ACTIVITY
Return exactly the run of lines that begins at the line containing "Nicole Lee USA" and ends at the last line of the material below; pictures stay out.

INFORMATION SHOWN
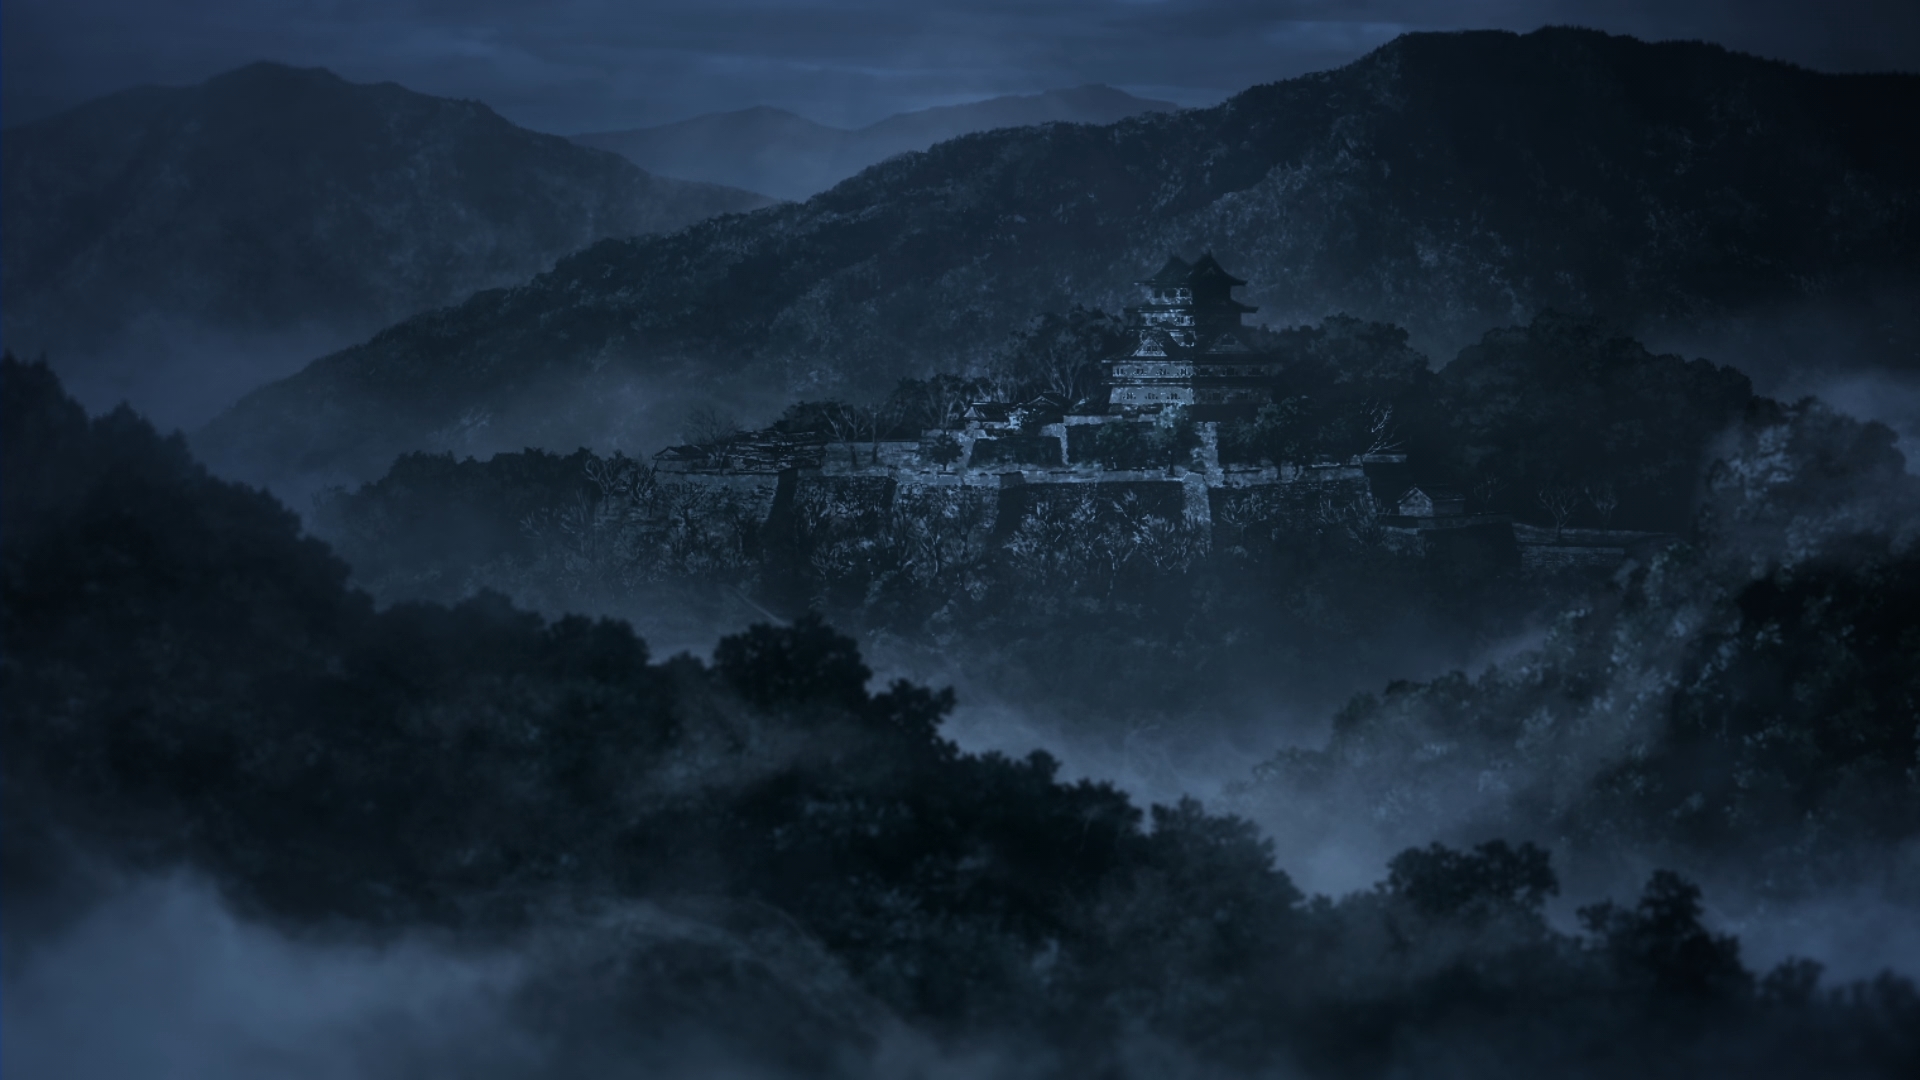 General 1920x1080 Kimetsu no Yaiba dark mist castle fog anime anime screenshot forest night hills trees landscape low light
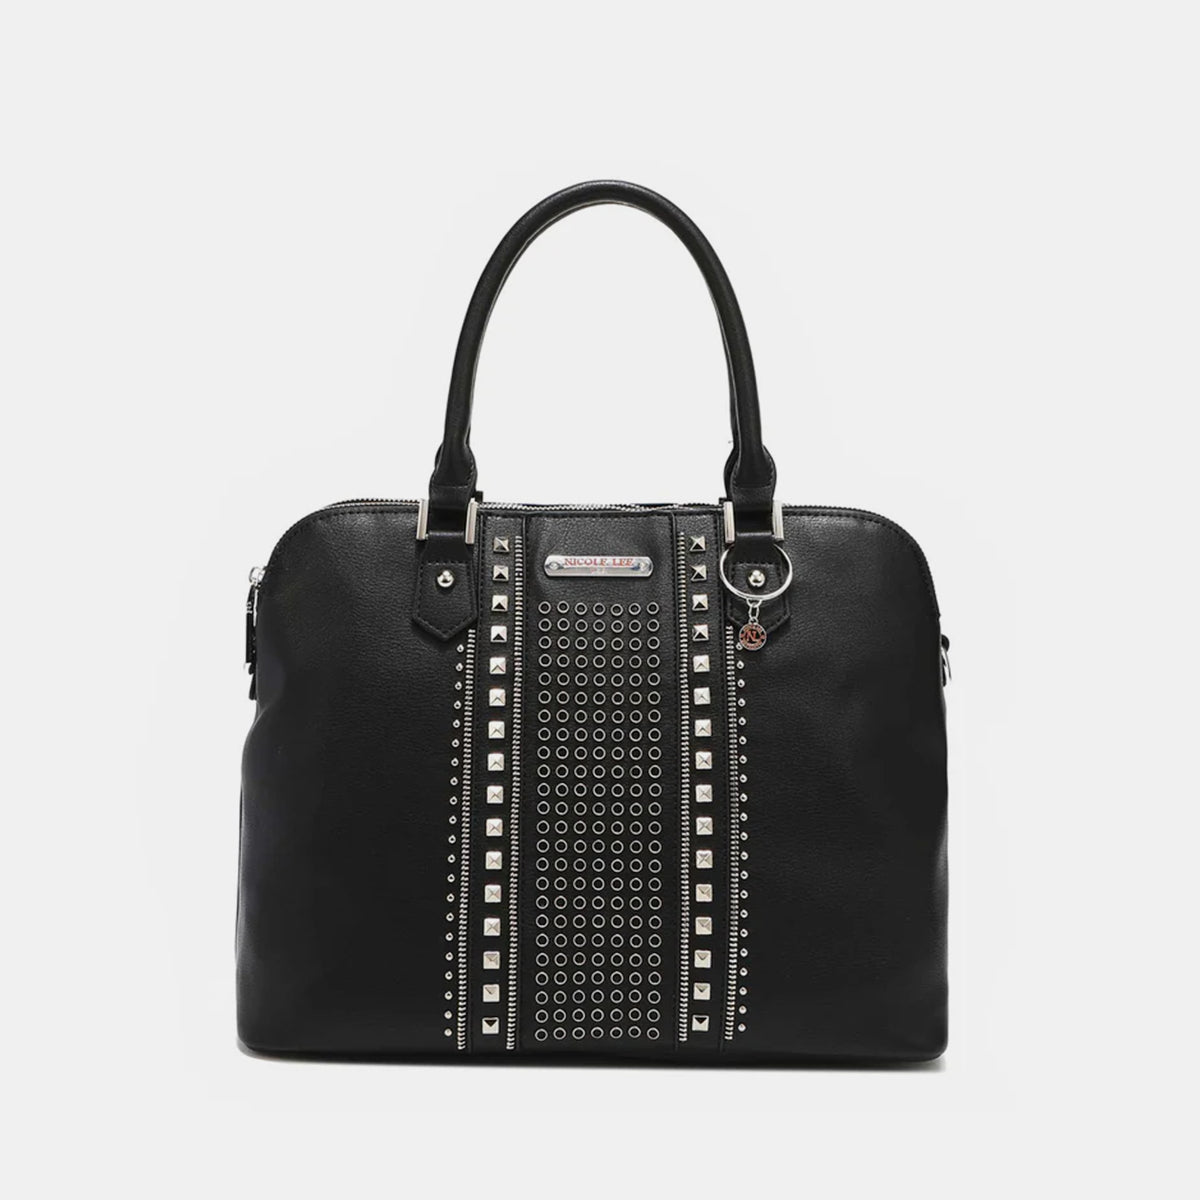 Nicole Lee USA Studded Decor Handbag Black One Size
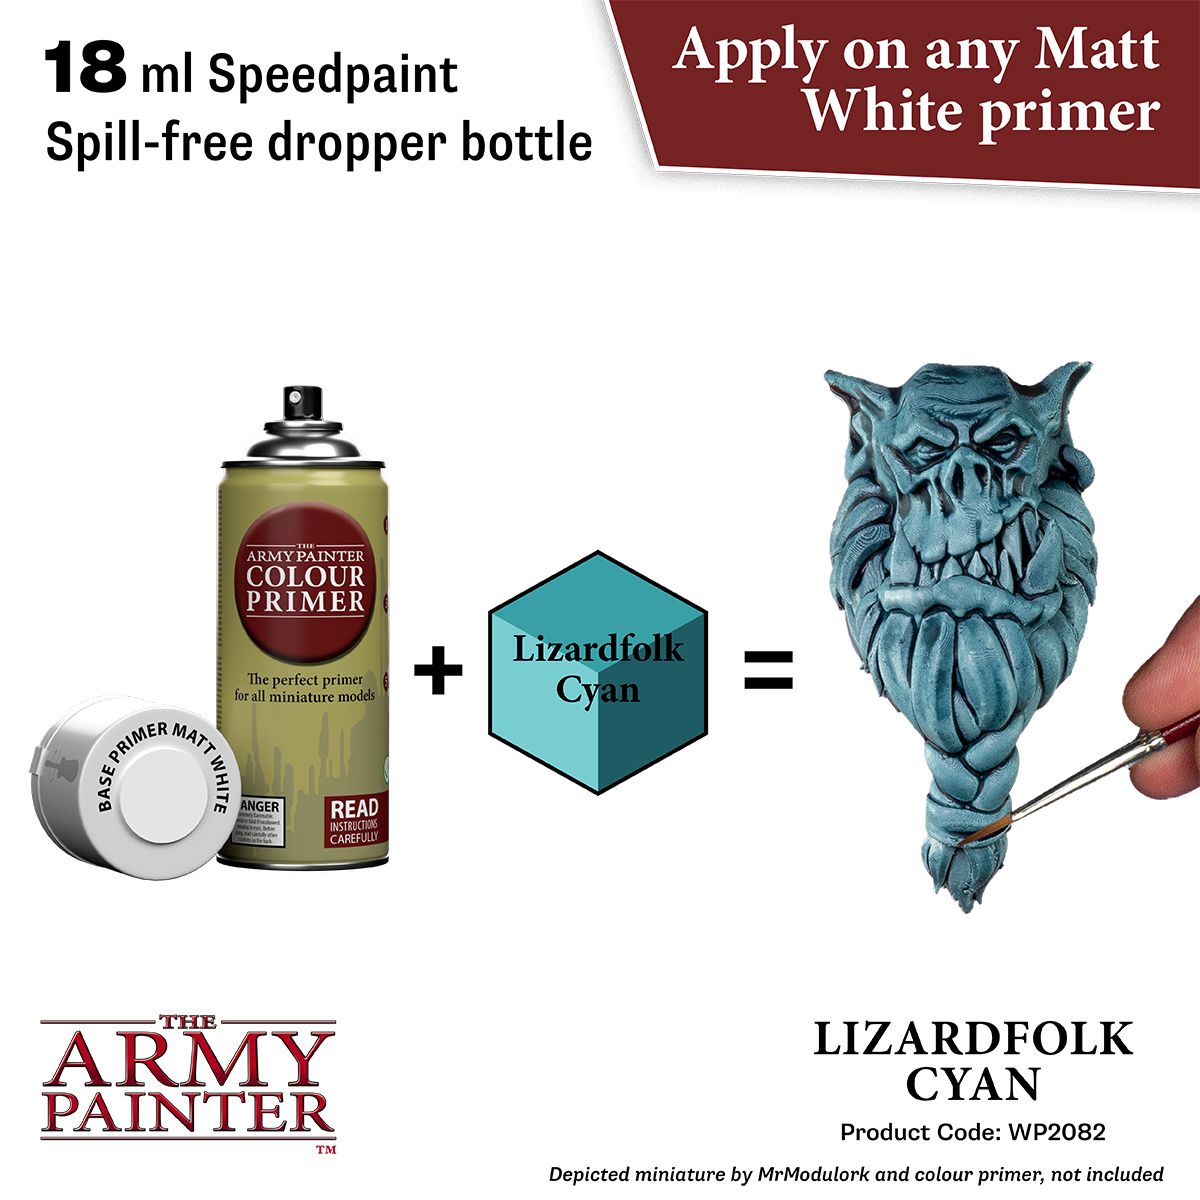 The Army Painter - Speedpaint 2.0, Lizardfolk Cyan

PROBLEM SOLUTION
 Nicole Lee USA Studded Decor Handbag Black One Size
 The Army Painter - Speedpaint 2.0, Lizardfolk Cyan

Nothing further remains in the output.